Tuesday, October 26, 2010

Another Day In Paradise: Homelessness

He had a pretty impressive suntan. His feet, open to the elements thanks to the flip-flops, were a mahogany colour. He wasn't doing anything. Just sitting there on a wall by the Eroski supermarket in Can Picafort. His company was a plastic bag. Inside which was a bottle. I knew who he was. Or at least he fit the description. He's the German who lives in an abandoned house. To be more accurate, a house that the family which owns it cannot agree as to what to do with it. Somehow, he had come to be living there. When a member of the family had been to the house, she had been shocked to find it inhabited. Along with all the junk that had come to be stored in it was this German, together with no electricity and no water.

He wasn't doing any harm, so he stayed on. Maybe it was an advantage. Someone to watch over the place. To stop youths getting in. Having a "botellón", taking drugs. It didn't really matter how he had come to be in the house. He couldn't exactly go back. Back to Germany, that is. His passport had long expired. He was a non-person. Time was when he used to work over in Alcúdia. But now he had no bike, and when the weather was bad that was a nightmare to use anyway. He might occasionally get some work around and about. Otherwise, he would wash in a bar in the morning. And in the evening he would be at another bar to take the odd coffee and a leak before bedtime. And at other times he would sit on a wall.

Outside a different Eroski, one in Alcúdia, a gaggle of the outer edges of society gathers to pass the time of day, to shout, to bring the dogs, to raise the plastic bags. Strictly speaking, it is an offence to drink alcohol on the streets. Sometimes they are a nuisance, but there's not trouble like that elsewhere: at the derelict, former nightspot palace of Es Fogueró, the imposingly mysterious ruin by the industrial estate in Alcúdia that gives a similar impression as to having been abandoned, despite its being new.

In Es Fogueró there was a body back in the summer. "El Gallego" was dead. He'd been killed, so the Guardia were to reveal. A brother and sister, also "residents" of the ruin, face a homicide charge. In the building where Julio Iglesias had once performed, the dance had stopped for the Galician. When you end the beguine.
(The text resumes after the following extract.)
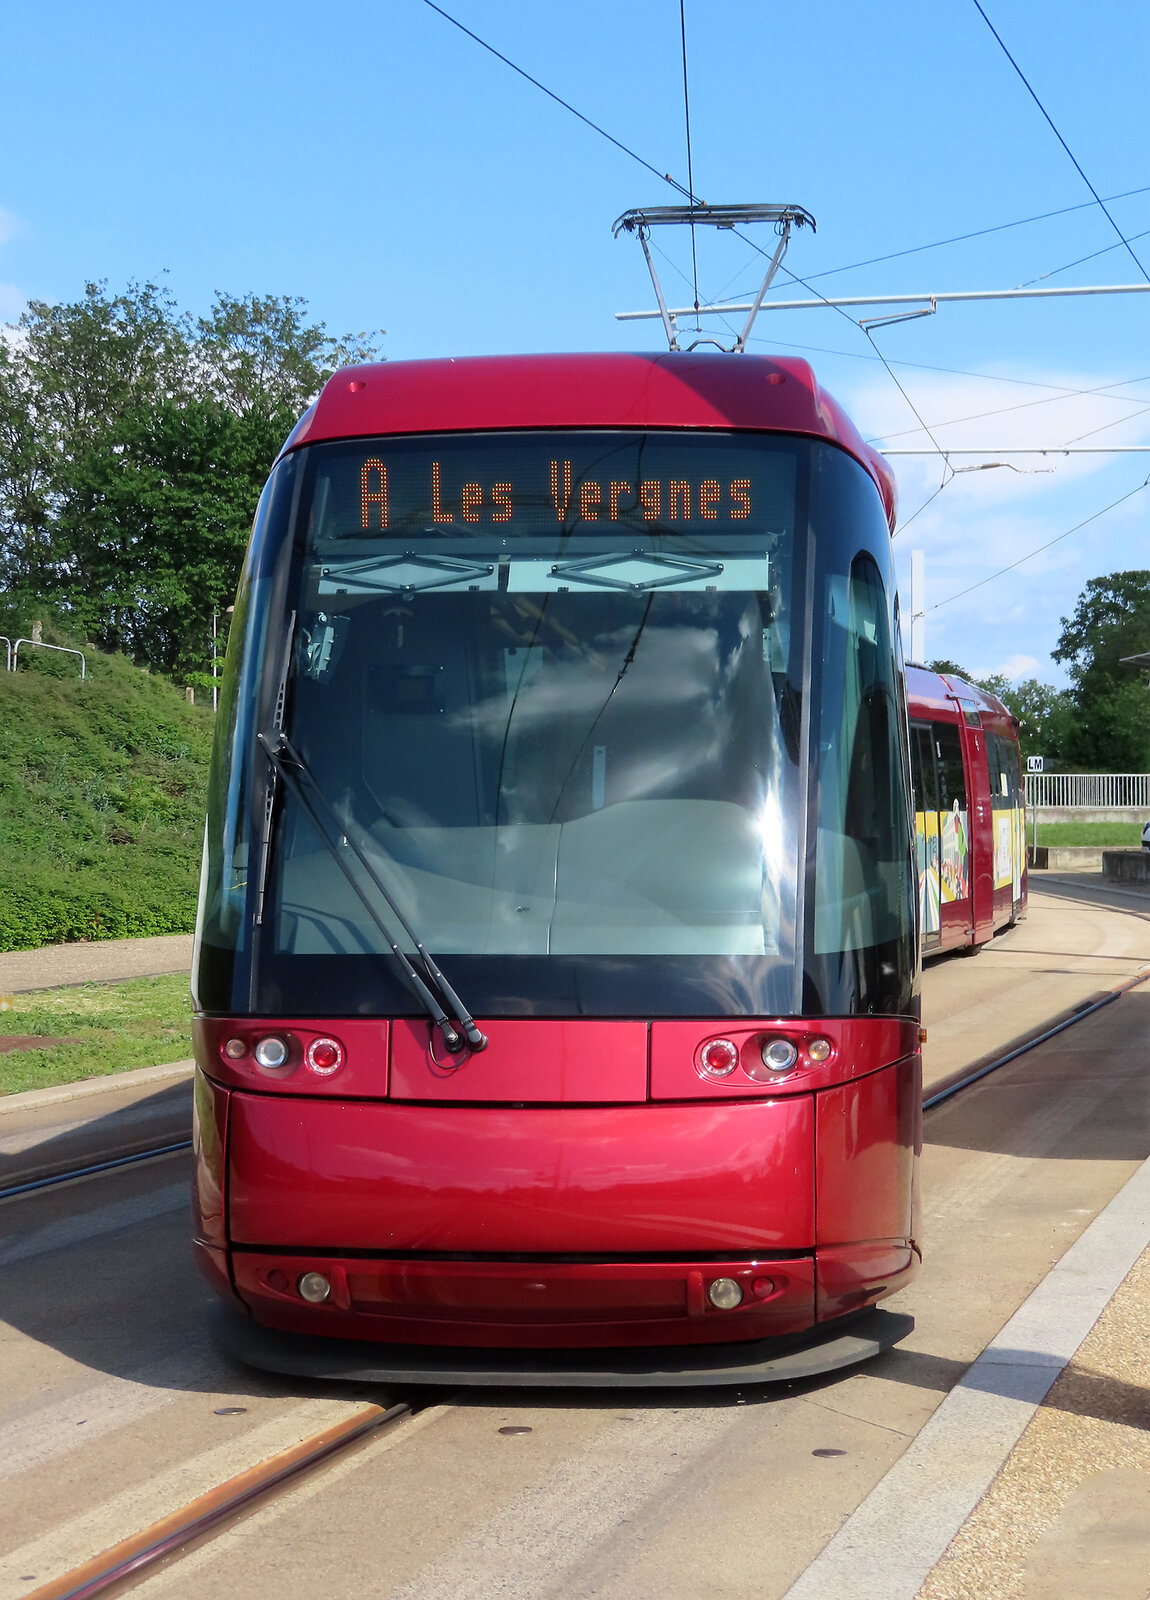 Spezielle Strassenbahn in Clermont-Ferrand: Tramway sur pneumatiques (Strassenbahn auf Gummirädern), System Translohr. Die Fahrzeuge werden mittels einer Leitschiene in der Mitte geführt. Hier an der Haltestelle La Pardieu Gare wechselt das ankommende Fahrzeug für den Fahrrichtungswechsel auf das andere Gleis. Clermont-Ferrand, 22.5.2023

It was a perishing late afternoon in January. Outside yet another Eroski. He was crouching in the walkway to the supermarket. You can forget just how cold it can get during a Mallorcan winter. A coin or a few. What does it take? How utterly merciless I had been. It would have taken very little. Little to shrug off a foul mood and a memory of the "aggressive begging" of London. Because his hadn't been.
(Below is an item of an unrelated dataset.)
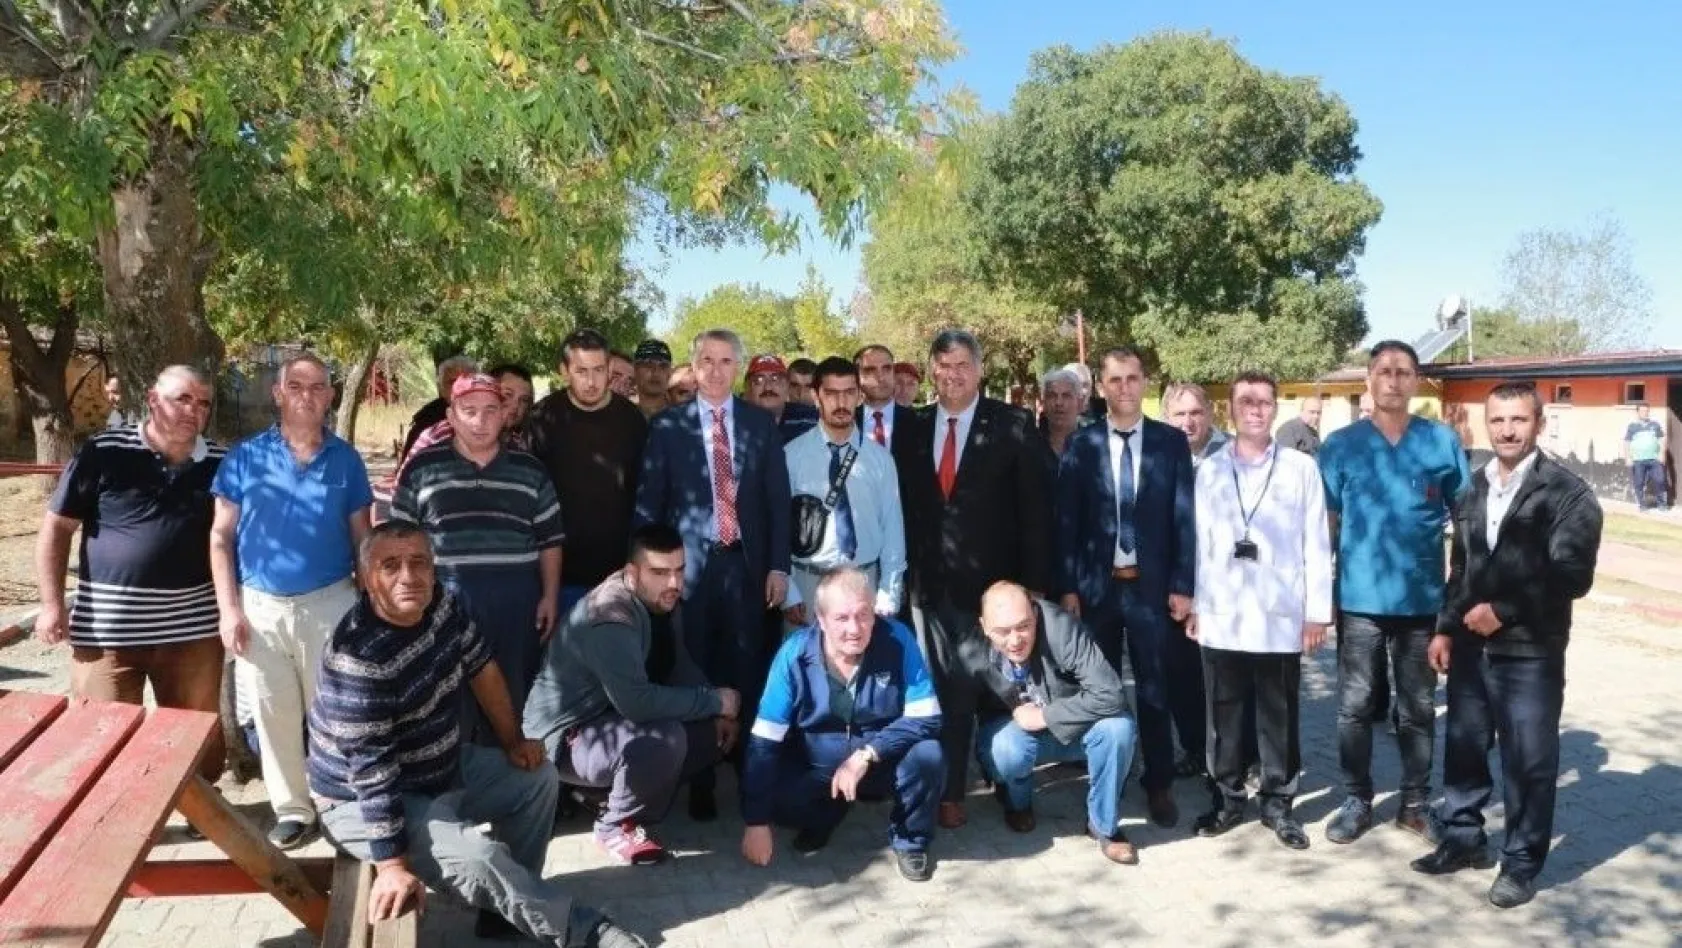 Rehabilitasyon merkezi sakinleri, Erdoğan'ı çaya davet etti

While there isn't much overt evidence as to homelessness in places such as Alcúdia, it exists all the same. It is the lie to the nonsensically unthinking rote-speak of "this paradise island". Paradise found and paradise lost.

No one much talks about or wants to know about poverty and homelessness in Mallorca. It's not what the brochures would have you think about. The exact scale of homelessness is hard to put a finger on, in Mallorca and across Spain. Some town halls are now conducting censuses. What is reckoned is that a half of the homeless are foreigners. But not all are recent immigrants. The German has been in Can Picafort for years.

In addition to much low-paid employment in Mallorca, there is now the issue of reductions in assistance from the state. Compounding this are the increased costs of energy - electricity and butane both on the rise again. How many live in fuel poverty in Mallorca? A Mediterranean climate might make you believe such a thing couldn't exist. It does. In housing wholly inadequate in terms of insulation, draught exclusion and damp-coursing. Where the housing exists of course. Because not everyone's that lucky. So they end up on the streets and, in the case of Palma, have a council that wants to impound their consolatory alcohol.

Much of the help extended to the homeless comes through the offices of the Cruz Roja (Red Cross). In 2009 the level of help it gave in the Balearics rose by 38%. Back in 2007, the number of individuals either socially excluded or at risk of being so that it assisted was 697. The actual homeless figure it dealt with then amounted to 547 people. With the withdrawal of much state-based "ayuda", the 2009 percentage rise is unlikely to fall.

The numbers may not sound as though there is a crisis. But these scratch the surface of poverty and of those at the breadline. To whom you have to add the homeless. The soup kitchens of Mallorca have already announced a marked rise in "business" this autumn.

There is an unedifying aspect to Mallorca. It is one of real-estate division. In winter you can walk past the second homes, the villa rentals and hotels of Playa de Muro. You can repeat the exercise elsewhere. Empty. They aren't of course about to be opened up to the homeless. This isn't the point. What is, is the insult of so much land in non-productive use for so long a period. Through the winters.

At least in an abandoned house in Can Picafort, the German has a roof over his head.